Our study asked the following question: “If we draw at random from the literature a scientific topic that has been summarized by a meta-analysis, how likely are we to encounter the bias patterns and postulated risk factors most commonly discussed, and how strong are their effects likely to be?” Our results consistently suggest that small-study effects, gray literature bias, and citation bias might be the most common and influential issues. Small-study effects, in particular, had by far the largest magnitude, suggesting that these are the most important source of bias in meta-analysis, which may be the consequence either of selective reporting of results or of genuine differences in study design between small and large studies. Furthermore, we found consistent support for common speculations that, independent of small-study effects, bias is more likely among early-career researchers, those working in small or long-distance collaborations, and those that might be involved with scientific misconduct.

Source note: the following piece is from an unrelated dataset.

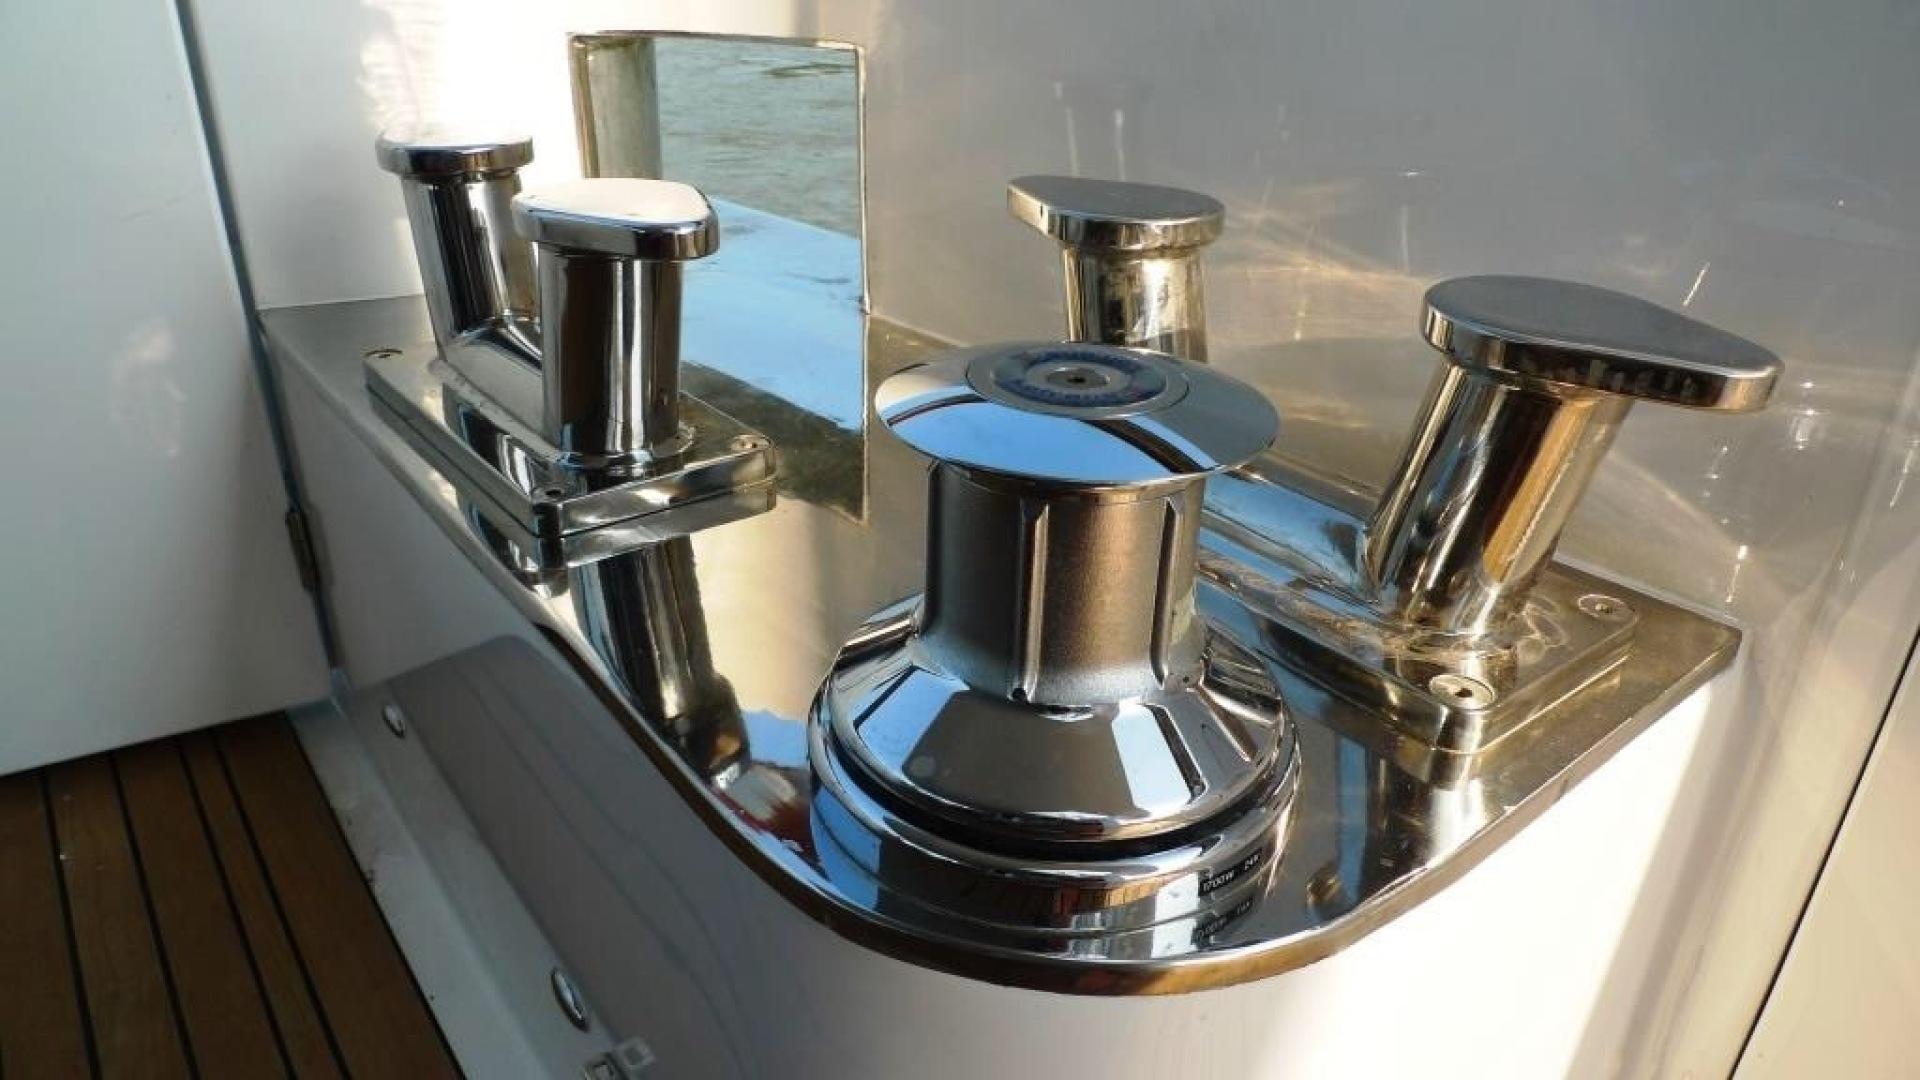 Bering-65 Bering Yacht 2013-Namaste Dania-Florida-United States-1401075   Thumbnail

More data! This is also helpful information for my undergraduate labs, since I’m currently in the process of cracking the whip over my genetics students and telling them to count more flies. Only a thousand? Count more. MORE!

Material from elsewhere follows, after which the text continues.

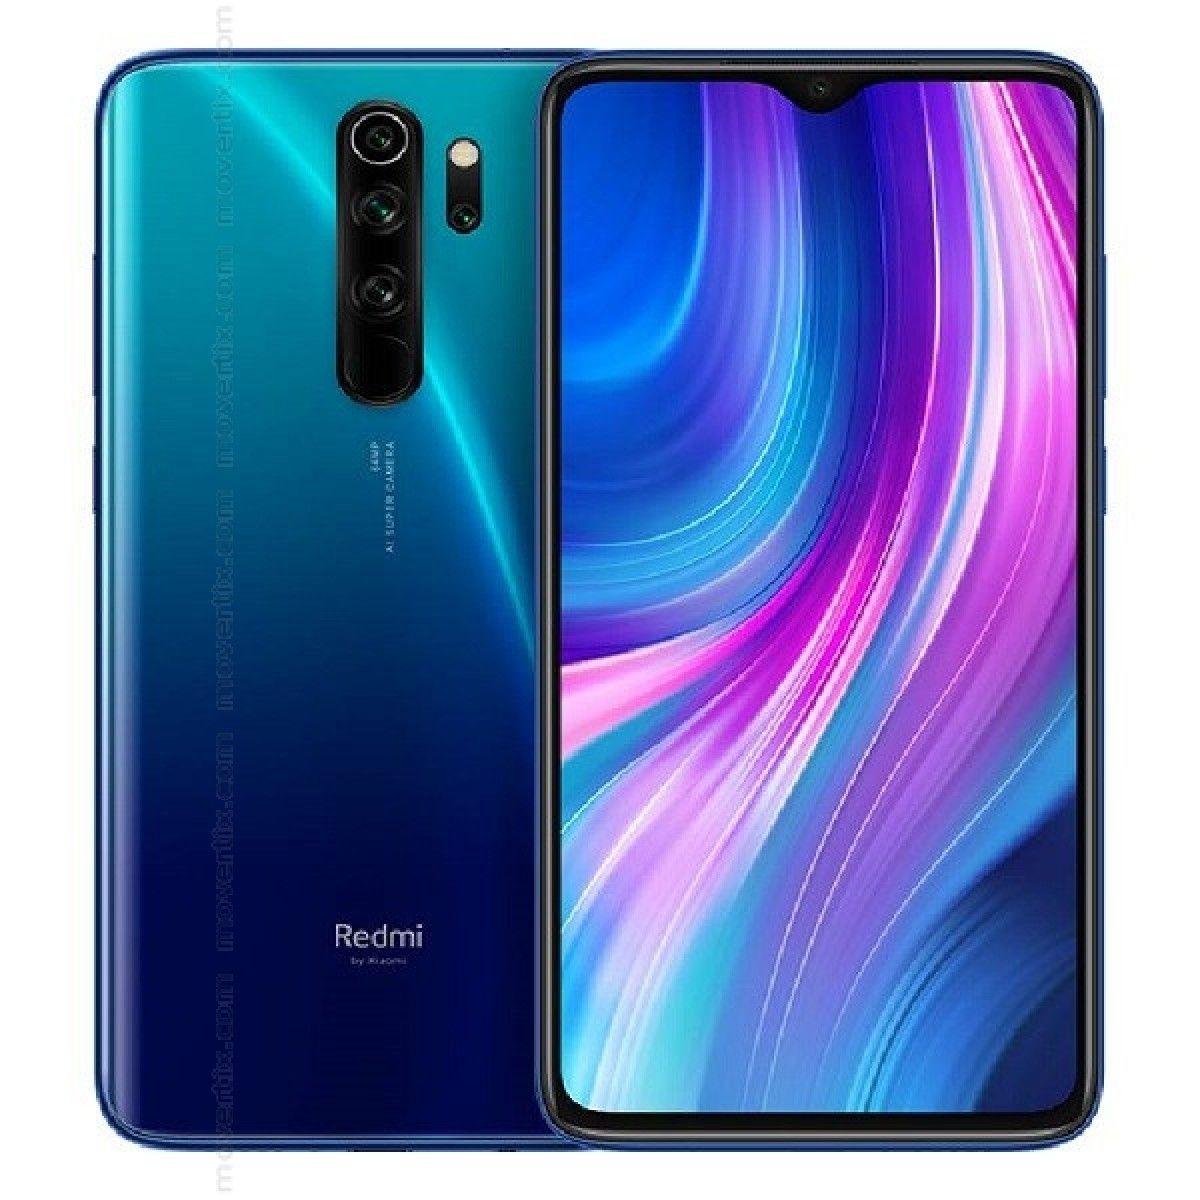 smartphone-xiaomi-redmi-note-8-pro-6-53-2340x1080-android-9-0-dual-sim-desbloqueado-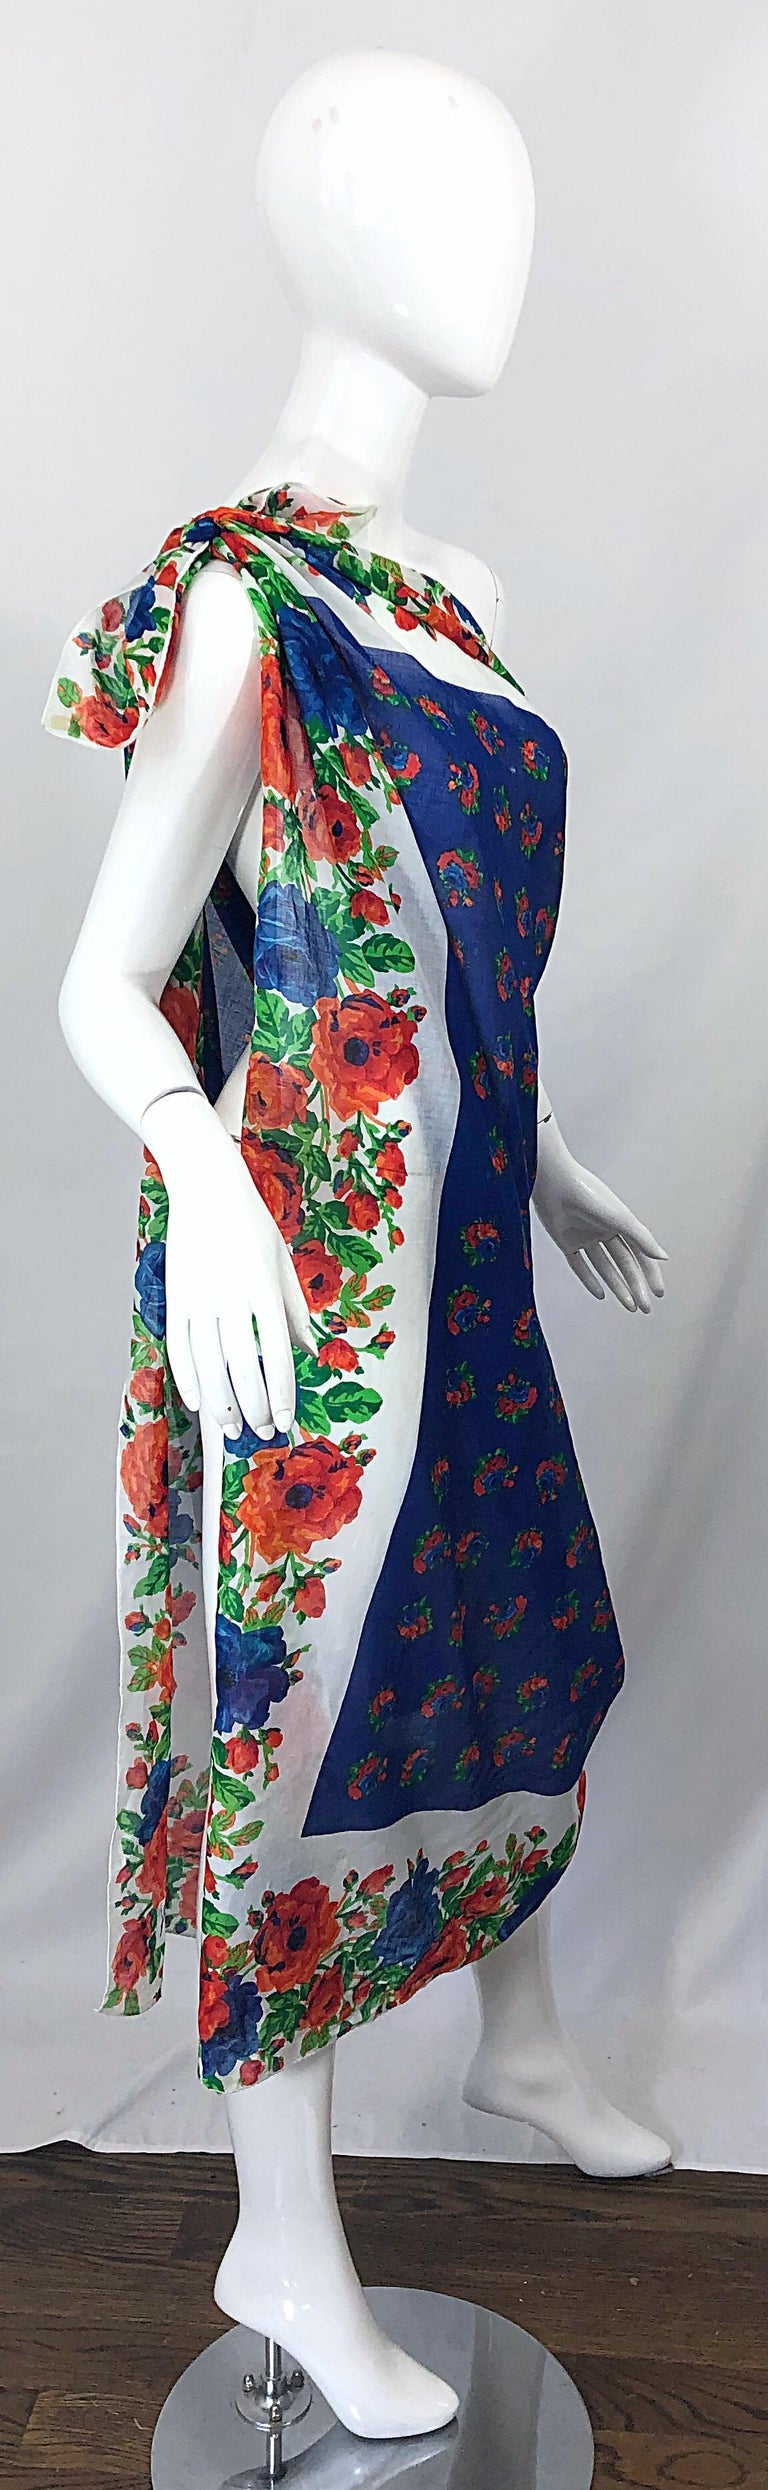 Huge Vintage Yves Saint Laurent YSL 54 x 54 Inch Cotton Voile Scarf Parero Shawl For Sale 8

The paper does end on a positive note. They’ve identified some potential sources of bias, but overall, science is in fairly good shape.

In conclusion, our analysis offered a “bird’s-eye view” of bias in science. It is likely that more complex, fine-grained analyses targeted to specific research fields will be able to detect stronger signals of bias and its causes. However, such results would be hard to generalize and compare across disciplines, which was the main objective of this study. Our results should reassure scientists that the scientific enterprise is not in jeopardy, that our understanding of bias in science is improving and that efforts to improve scientific reliability are addressing the right priorities. However, our results also suggest that feasibility and costs of interventions to attenuate distortions in the literature might need to be discussed on a discipline- and topic-specific basis and adapted to the specific conditions of individual fields. Besides a general recommendation to interpret with caution results of small, highly cited, and early studies, there may be no one-size fits-all solution that can rid science efficiently of even the most common forms of bias.

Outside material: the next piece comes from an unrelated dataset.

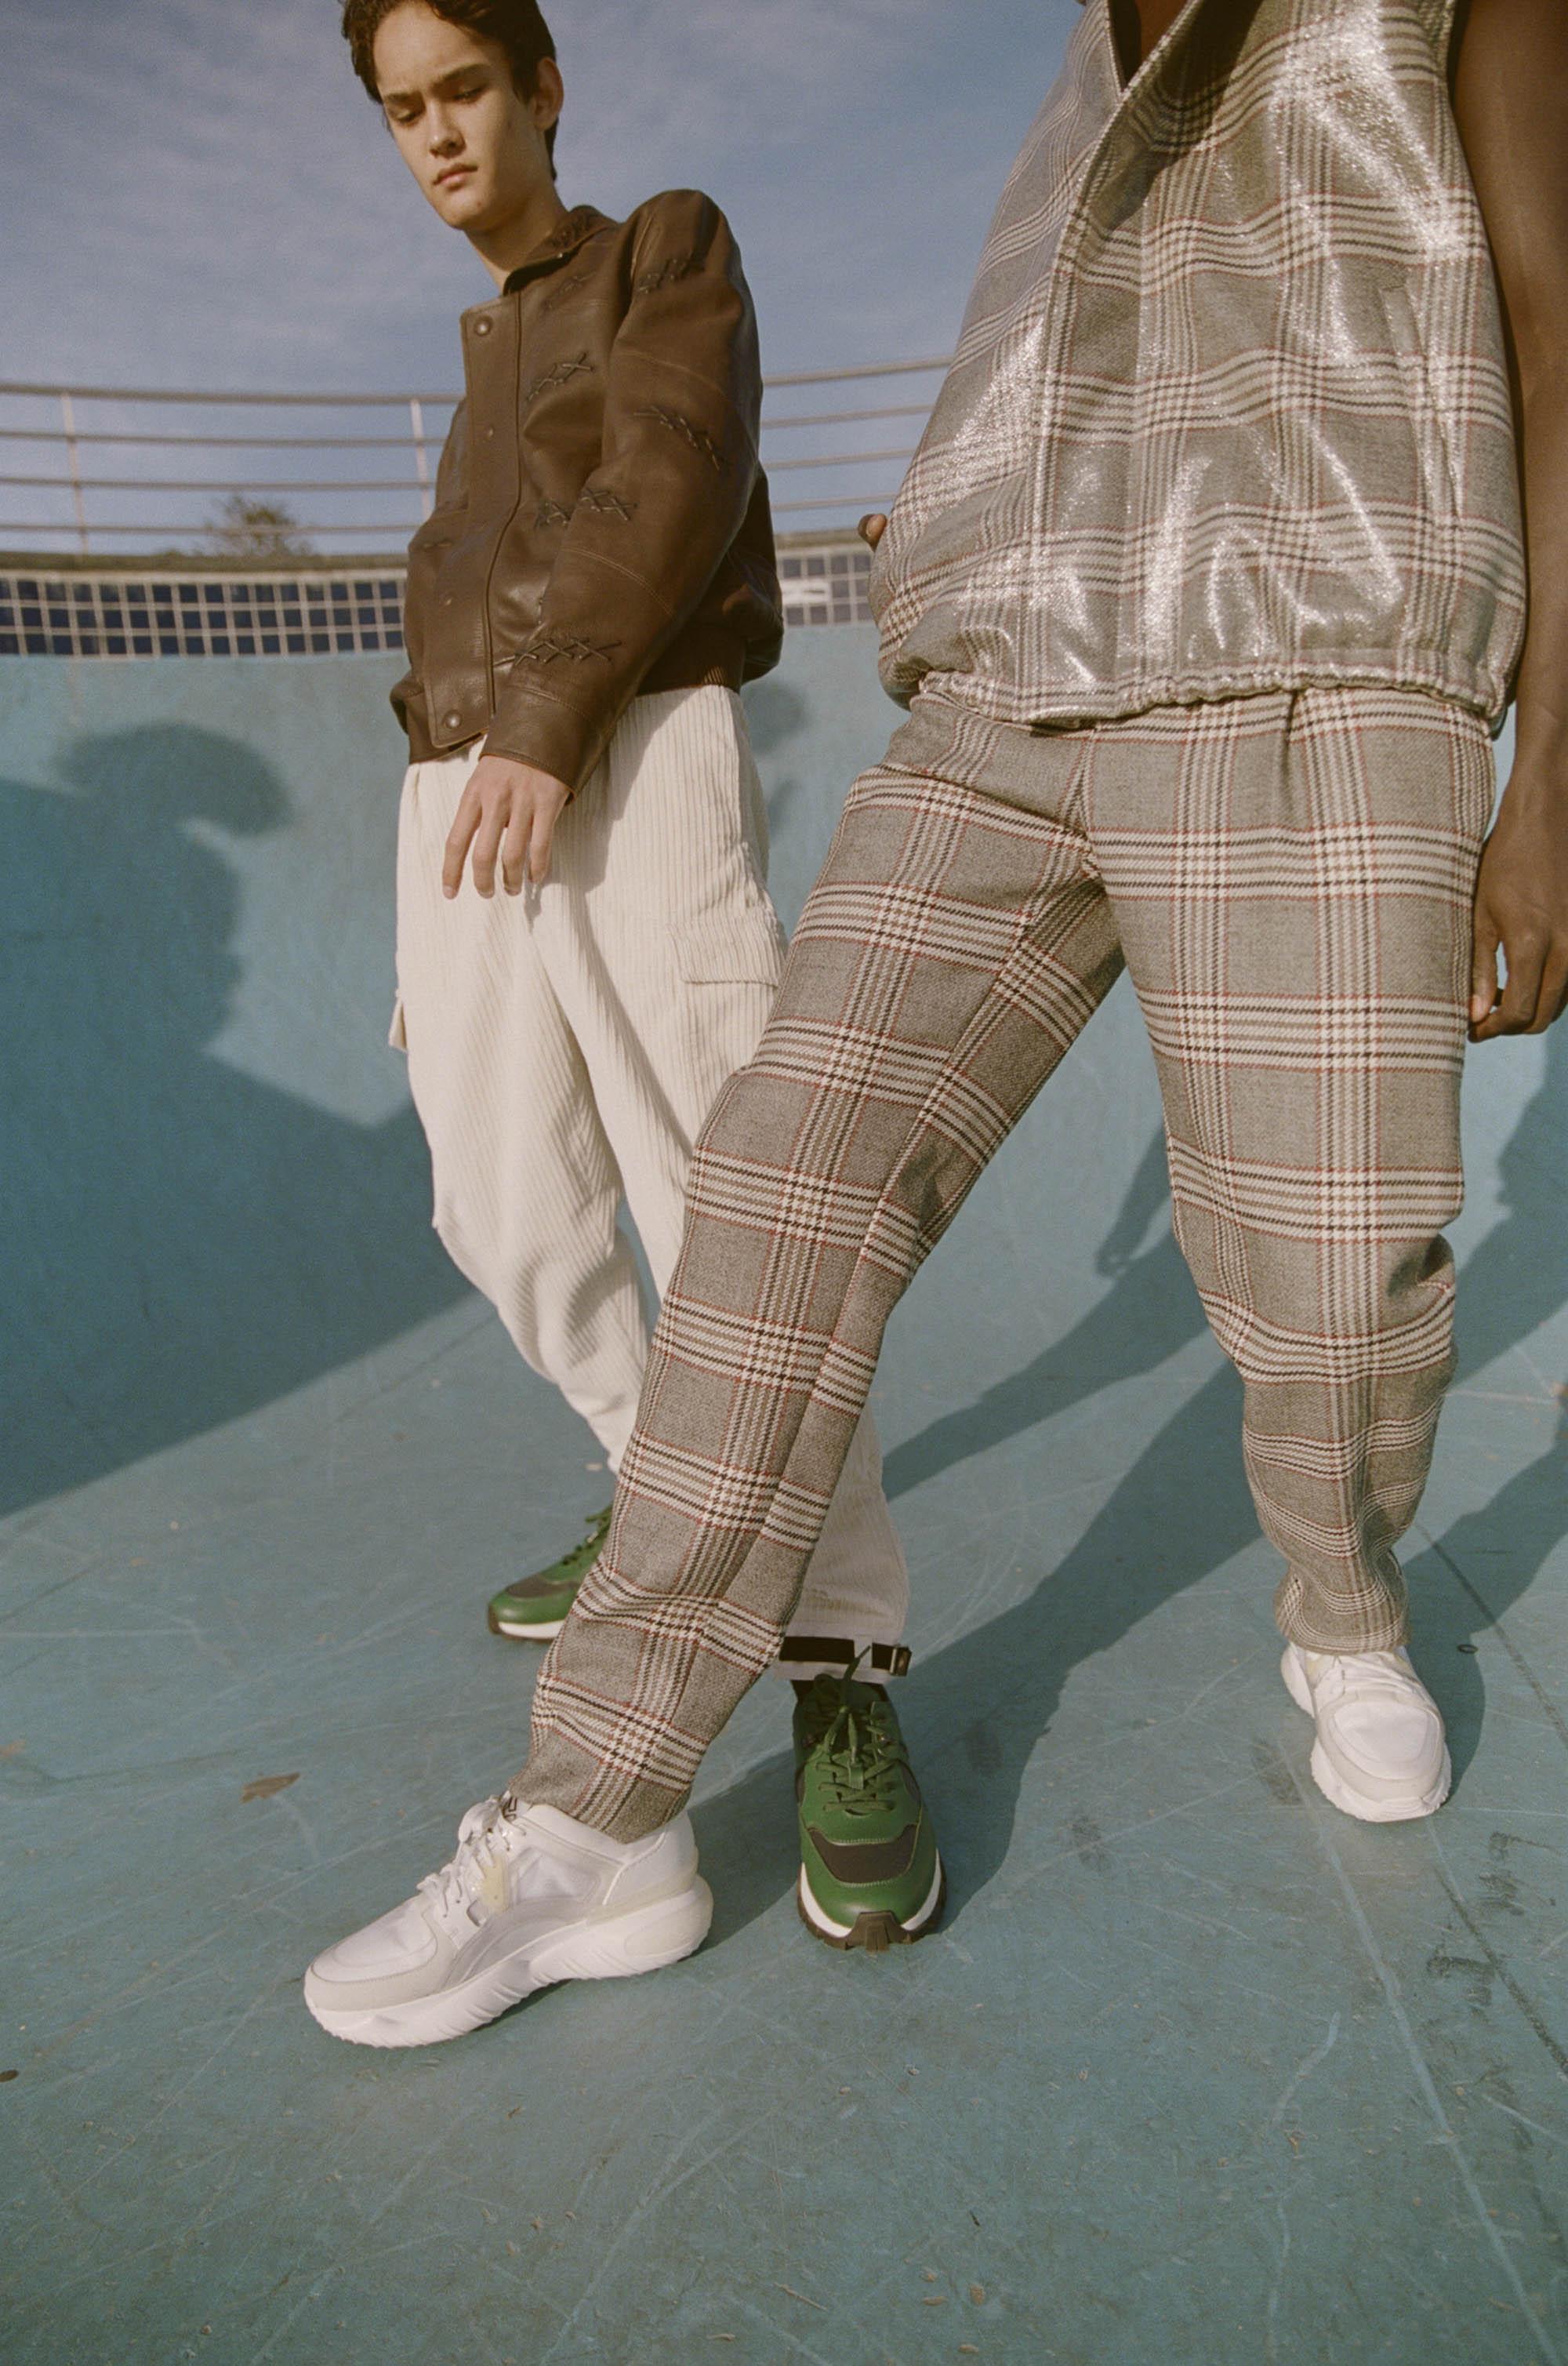 DAPHNENGUYEN-CPC Sneakers-181113000231850014.jpg

Fanelli D, Costas R, Ioannidis JPA (2017) Meta-assessment of bias in science. Proc.Nat.Acad.Sci USA doi: 10.1073/pnas.1618569114.


  1. wcorvi says

    PZ, how about this as a learning tool. You have your students do a statistical study on a small sample, say 100 flies, and write conclusions. Then you have them analyze the entire sample combined from all the students, and see if their conclusions hold up.

  2. says

    We already do that. Individual groups gather data and do their own evaluations, and then we consolidate all the data from all of the groups for a calculation.

    Also, the very first lab is about basic probability & stats, and I have the individual students flip a coin 10 times and see that it comes up 5 heads and 5 tails occasionally…and then we pool all the data and see a nice gaussian distribution emerge.

  3. OptimalCynic says

    It’s all about incentives. Fix the incentives to publish this dross and the problem will lessen. Of course, that’s easier to say than to do!

  4. Dr. Pablito says

    I am ever mindful of something a mentor once impressed on me as a youngster:
    “You think that everything in the published literature is right?!”

  5. Ichthyic says

    oh so easy to say. NOT so easy to do.

    the people who think “Just count MORE FLIES”, are NOT field biologists.

    I cannot count the number of times I have participated in this argument in academia, to try and educate lab wonks just how different field work is, and that you just CAN’T always just “count more flies”.

    this is why so many of us use nonparametric statistical models so often.

    and we entirely disagree that using them, or the sample sizes were are forced to deal with, makes the results of our studies any less valid or interesting.

    as far as repetition goes? all for it. just send money… that hasn’t been there for decades.